Calculating work with force and position vectors

[Fizic]

Homework Statement

What work is done by a force [itex]\vec{F}[/itex]=((2 N/m)x)[itex]\hat{i}[/itex] + (3 N)[itex]\hat{j}[/itex], with x in meters, that moves a particle from a position [itex]\vec{r}[/itex]₁=(2 m)[itex]\hat{i}[/itex] + (3 m)[itex]\hat{j}[/itex] to a position [itex]\vec{r}[/itex]₂=-(4 m)[itex]\hat{i}[/itex] - (3 m)[itex]\hat{j}[/itex]

Homework Equations

Work=F[itex]\bullet[/itex]d

The Attempt at a Solution

[itex]\int_{2}^{-4}[/itex](2x)dx + [itex]\int_{3}^{-3}[/itex](3)dx

##\left.x^2\right|_2^{-4} + \left.3x\right|_3^{-3}##

##(16-4)+(-9-9)=-6 J##

Thanks.

 

[anathema]

Thank you for your post. It seems like you are on the right track with your solution. However, there are a few errors in your attempt.
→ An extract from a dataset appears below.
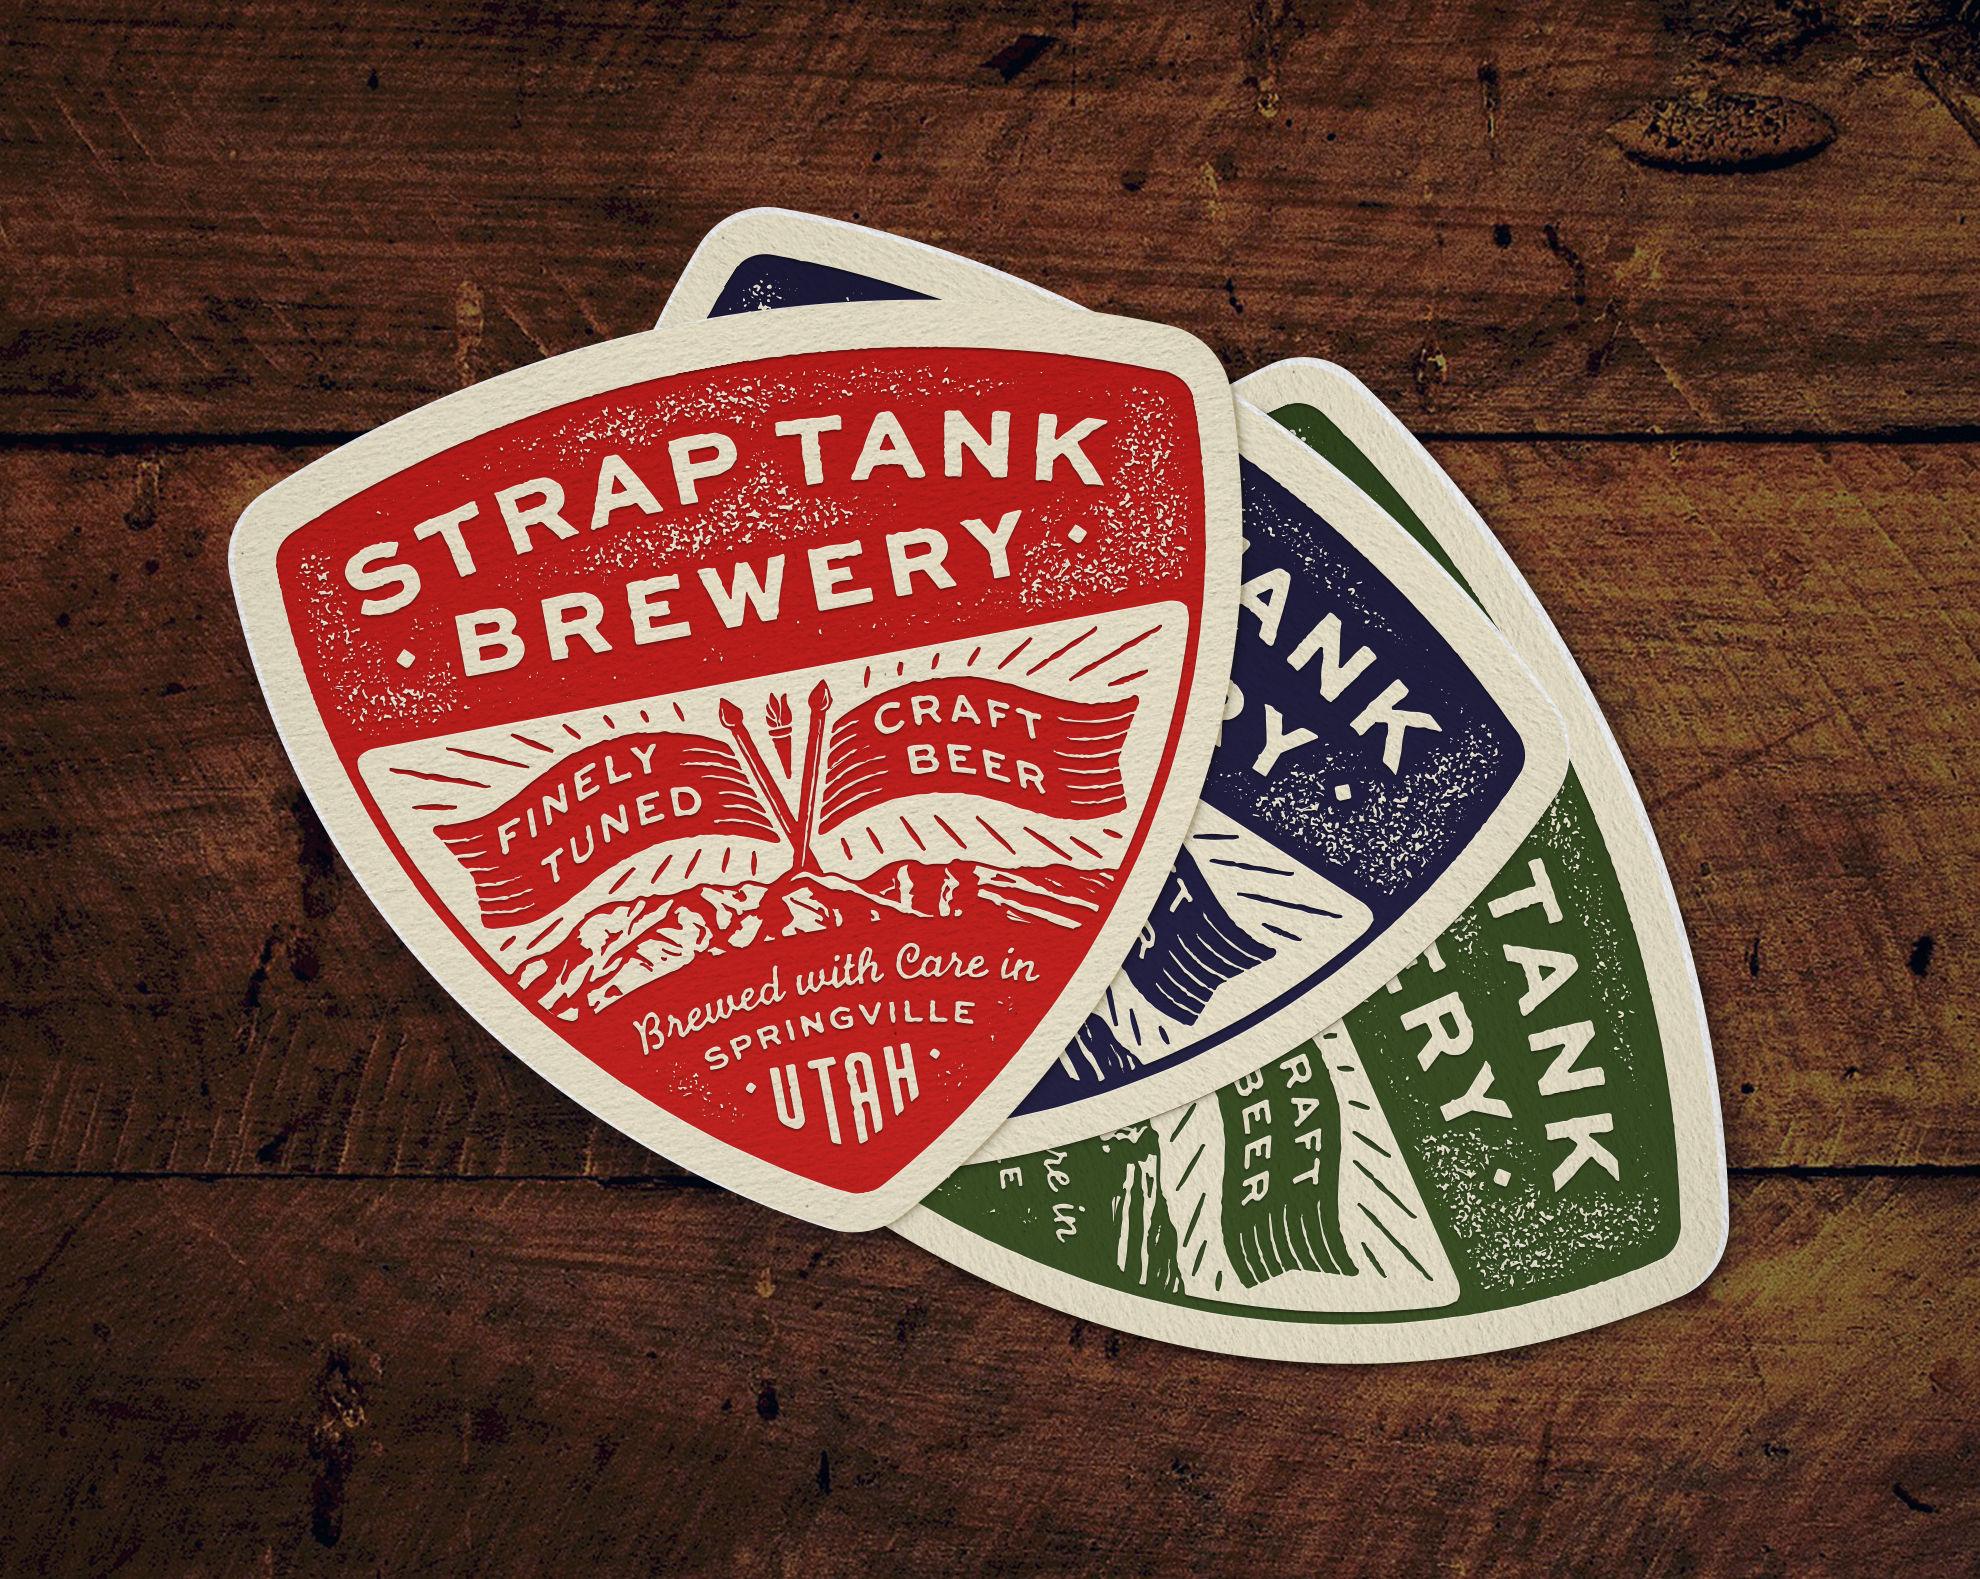 Beer & Branding: Strap Tank Brewery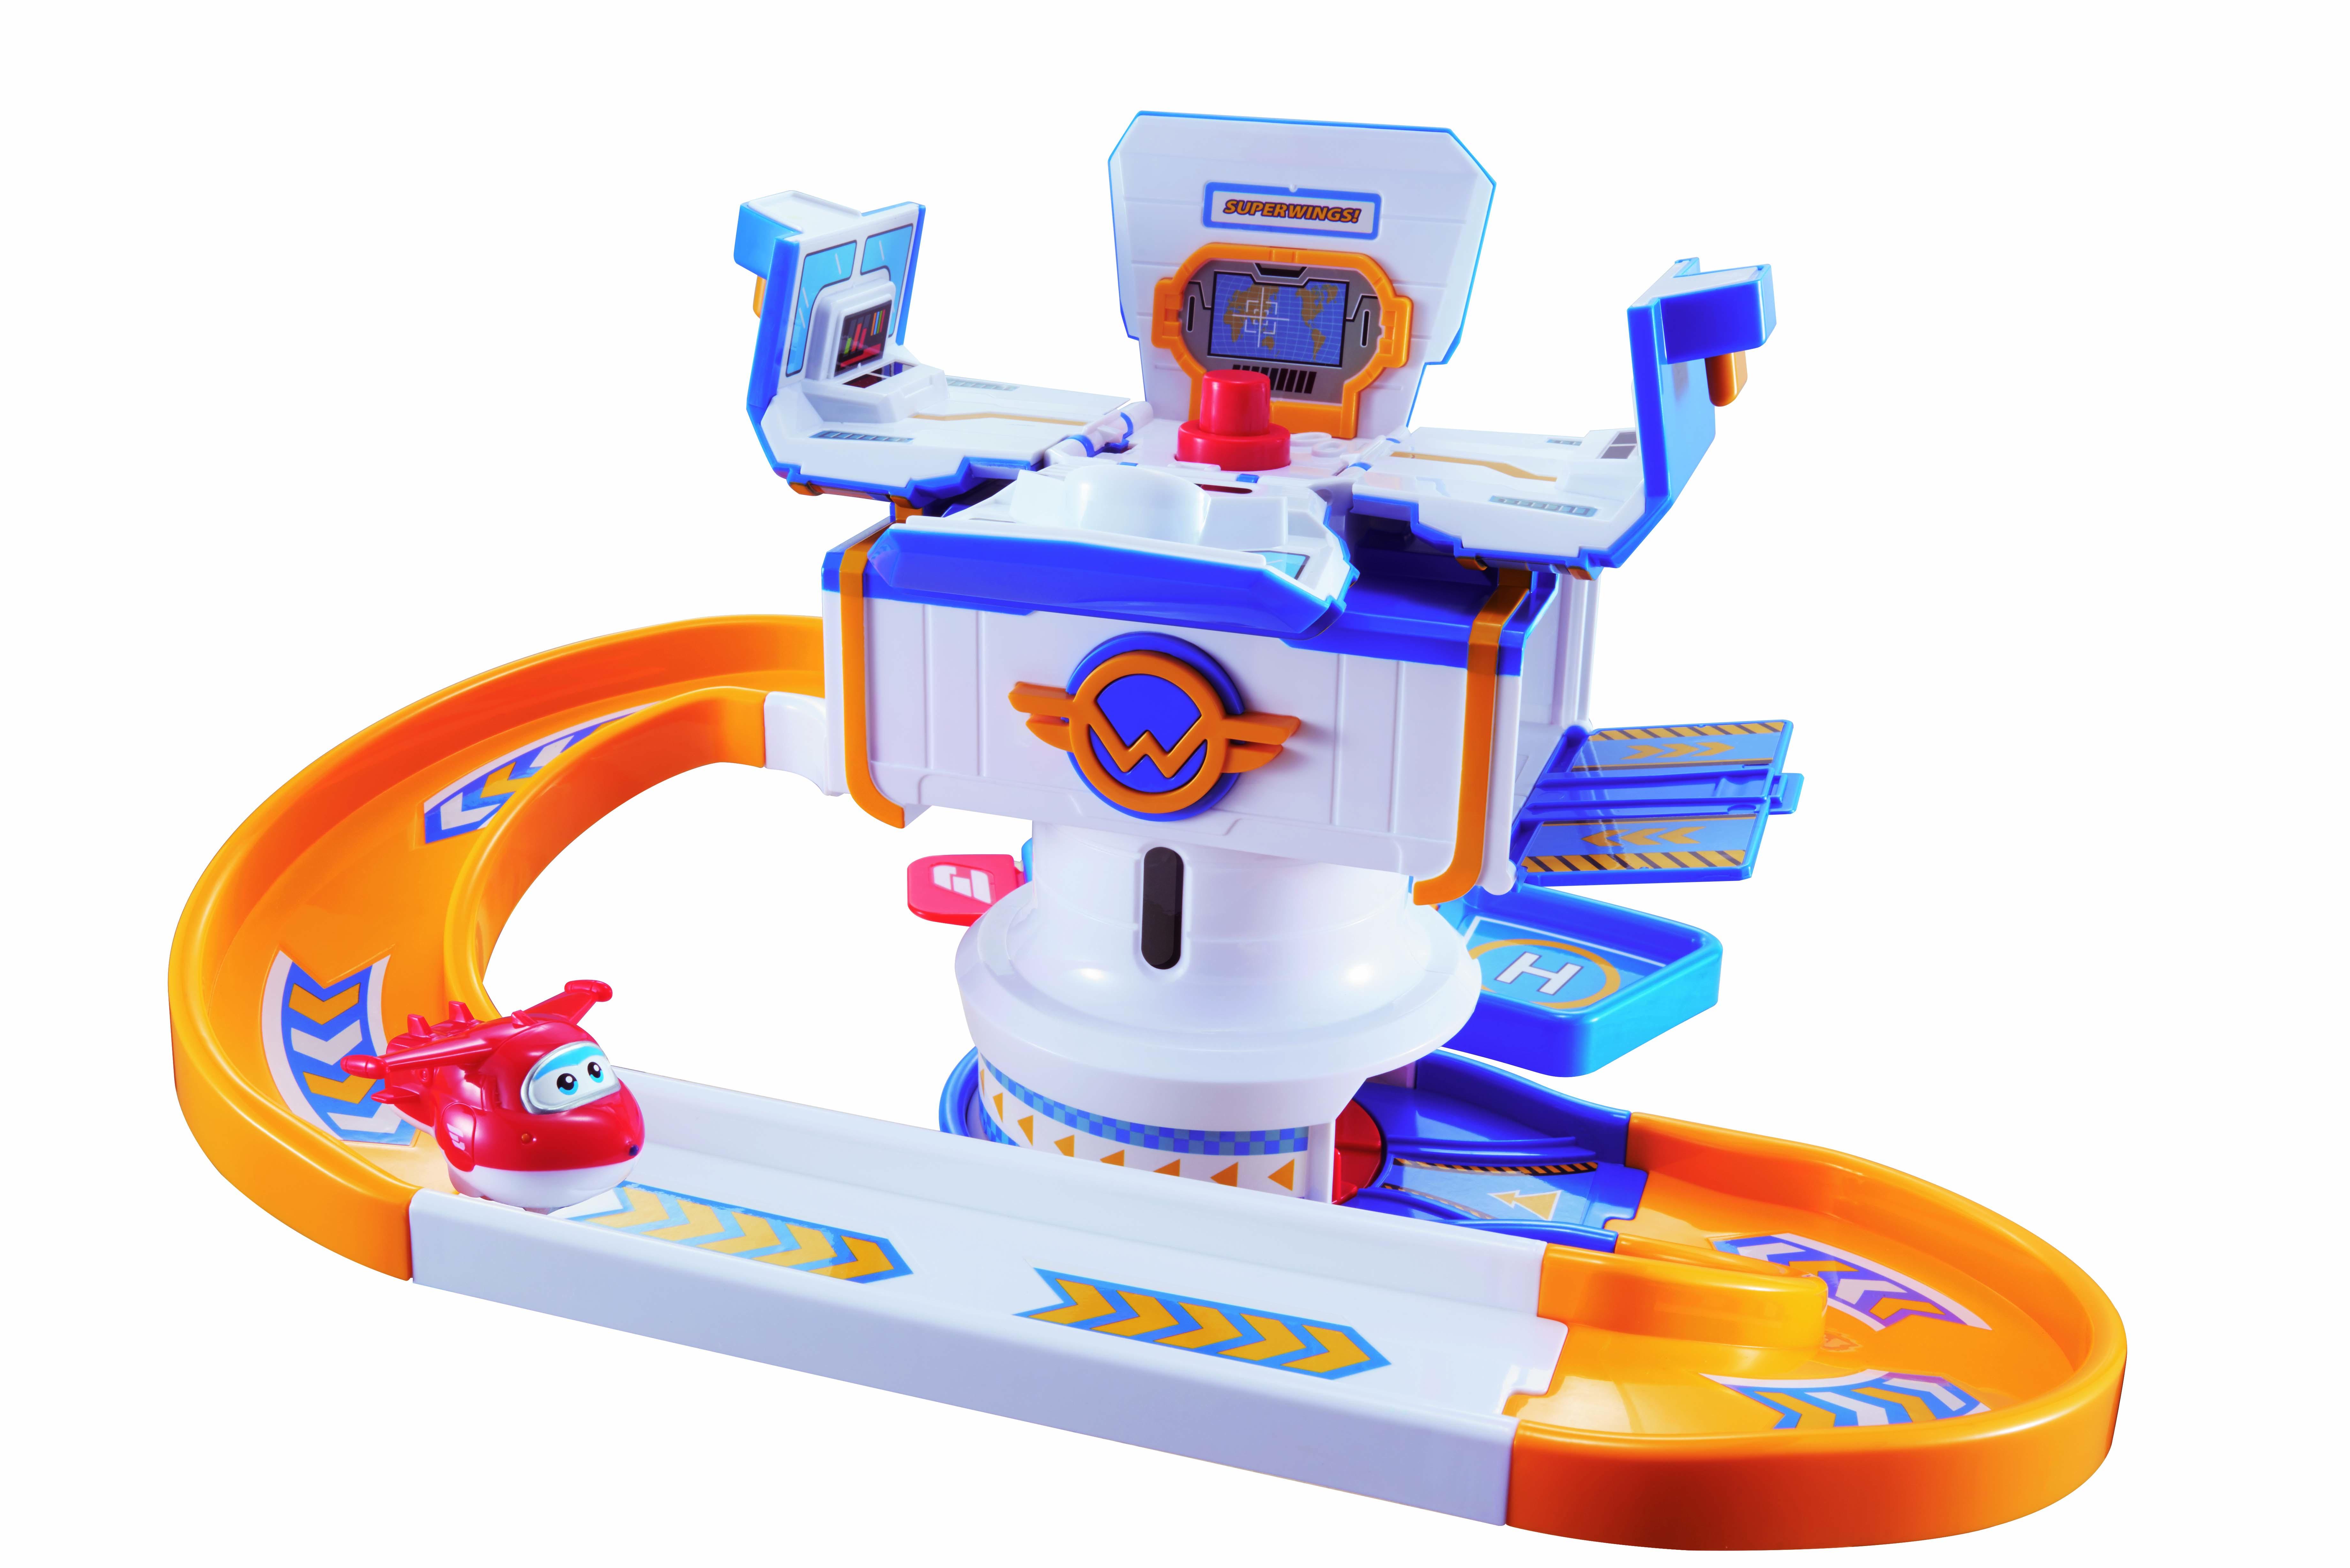 Игровой набор Супер Крылья - АэропортИгровой набор Аэропорт из серии Супер Крылья создан по мотивам одноименного обучающего мультипликационного сериала. Набор детально копирует внешний вид терминала, изображенного в мультфильме. Терминал многофункциональный, крыша его центральной башни раскрывается, а самолетики с него можно запускать в различных направлениях двумя способами.В состав игрового набора входят терминал и две фигурки Джимбо и Джетта. С помощью этого набора ребенок может создавать различные сюжетные линии, основанные на сюжетах анимационного сериала Супер Крылья, а также придумывать различные новые игровые ситуации, используя собственное воображение.Все игрушки изготовлены из прочного гипоаллергенного пластика и абсолютно безопасны для ребенка. Яркий дизайн выполнен в духе красочного мультфильма, а фигурки героев являются точными копиями оригинальных прототипов.<br>

Firstly, when calculating the work done by a force, we use the dot product between the force and displacement vectors. So the correct equation is W = F · d.

Secondly, the displacement vector is given by the difference between the final and initial positions, so it should be d = r2 - r1 = (-4 m - 2 m) i + (-3 m - 3 m) j = (-6 m) i + (-6 m) j.

Finally, when calculating the dot product, we use the magnitude of the force and the magnitude of the displacement vector, so the correct equation is W = |F| |d| cosθ, where θ is the angle between the two vectors. In this case, since the force and displacement vectors are in the same direction, the angle between them is 0 and cosθ = 1.

Putting all of this together, we get W = (|F|)(|d|)(cosθ) = (|F|)(|-6 m|)(1) = (5 N)(6 m) = 30 J.

I hope this helps clarify the solution for you. Let me know if you have any further questions or concerns.